December 10, 2009
MSF General Director Christopher Stokes Doctors Without Borders/Médecins Sans Frontières (MSF) has started to work again in Afghanistan after an absence of five years. MSF General Director Christopher Stokes, has extensive work experience in the country, and he has recently been back to take stock of the MSF projects. MSF has just started working in the only public general hospital still functioning in Helmand, in the provincial capital Lashkargah. This is a hospital that has, over the last few years, been the recipient of a great deal of overseas aid. Yet when I walked through the different wards, what I found most striking was the absence of patients. Generally only a third of beds are occupied. On the morning of our visit, we counted 40 patients for 124 beds.
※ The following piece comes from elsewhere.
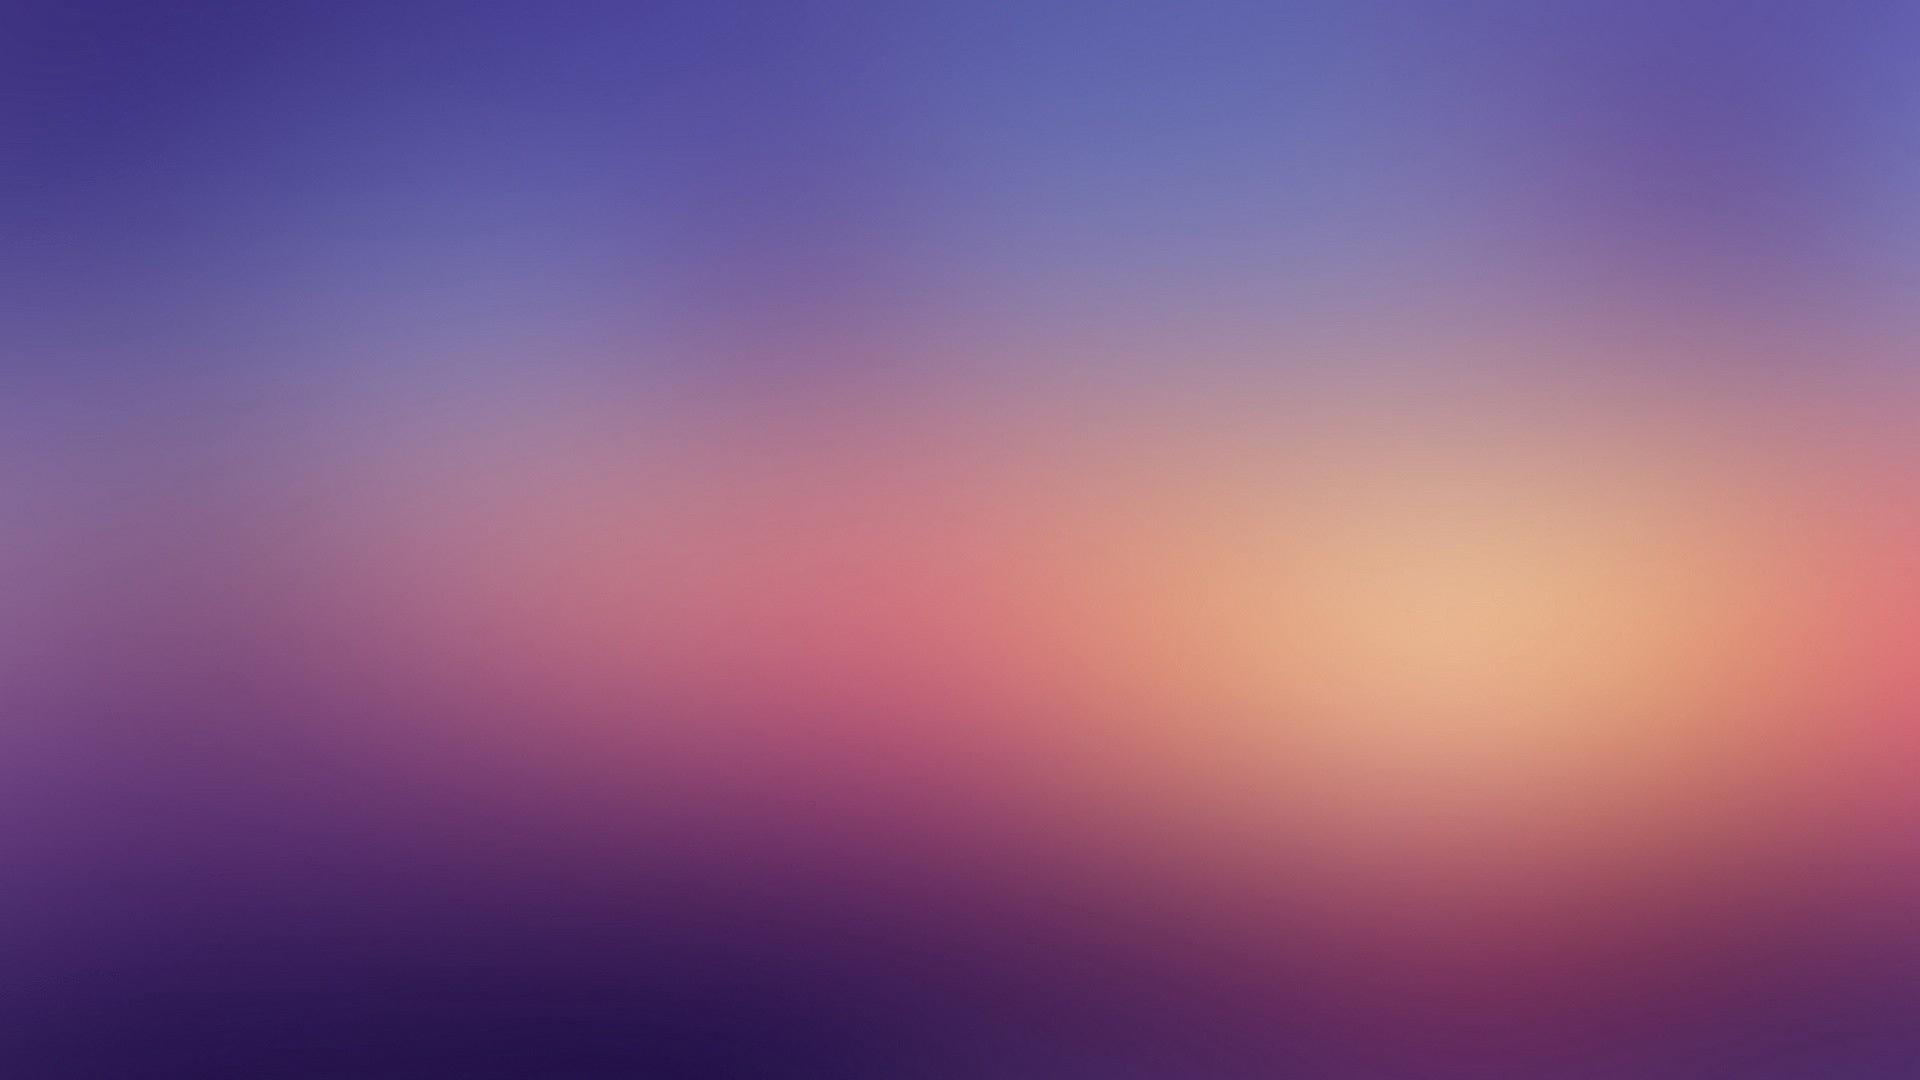 94105 Hintergrundbild herunterladen Abstrakt, Hintergrund, Licht, Unschärfe, Glatt, Hell Gefärbt, Flecken, Spots - Bildschirmschoner und Bilder kostenlos

Afghanistan 2009 © Erwin Vantland/MSF A sign at the entrance to MSF's maternity ward in Ahmed Shah Baba hospital in eastern Kabul says that all care is free and that any violation of this rule should be reported to the hospital director. While the hospital may not be operating to its capacity, it is nevertheless full of donations of sophisticated medical equipment. Digital x-ray machines from Europe and China, laboratory machines, surgical equipment and scialytic lamps—many still unpacked—are piled up in the basement. They were donated by governments, through the provincial reconstruction teams of the International Security Assistance Force (ISAF) or via direct bilateral aid. Usually with little explanation or instruction.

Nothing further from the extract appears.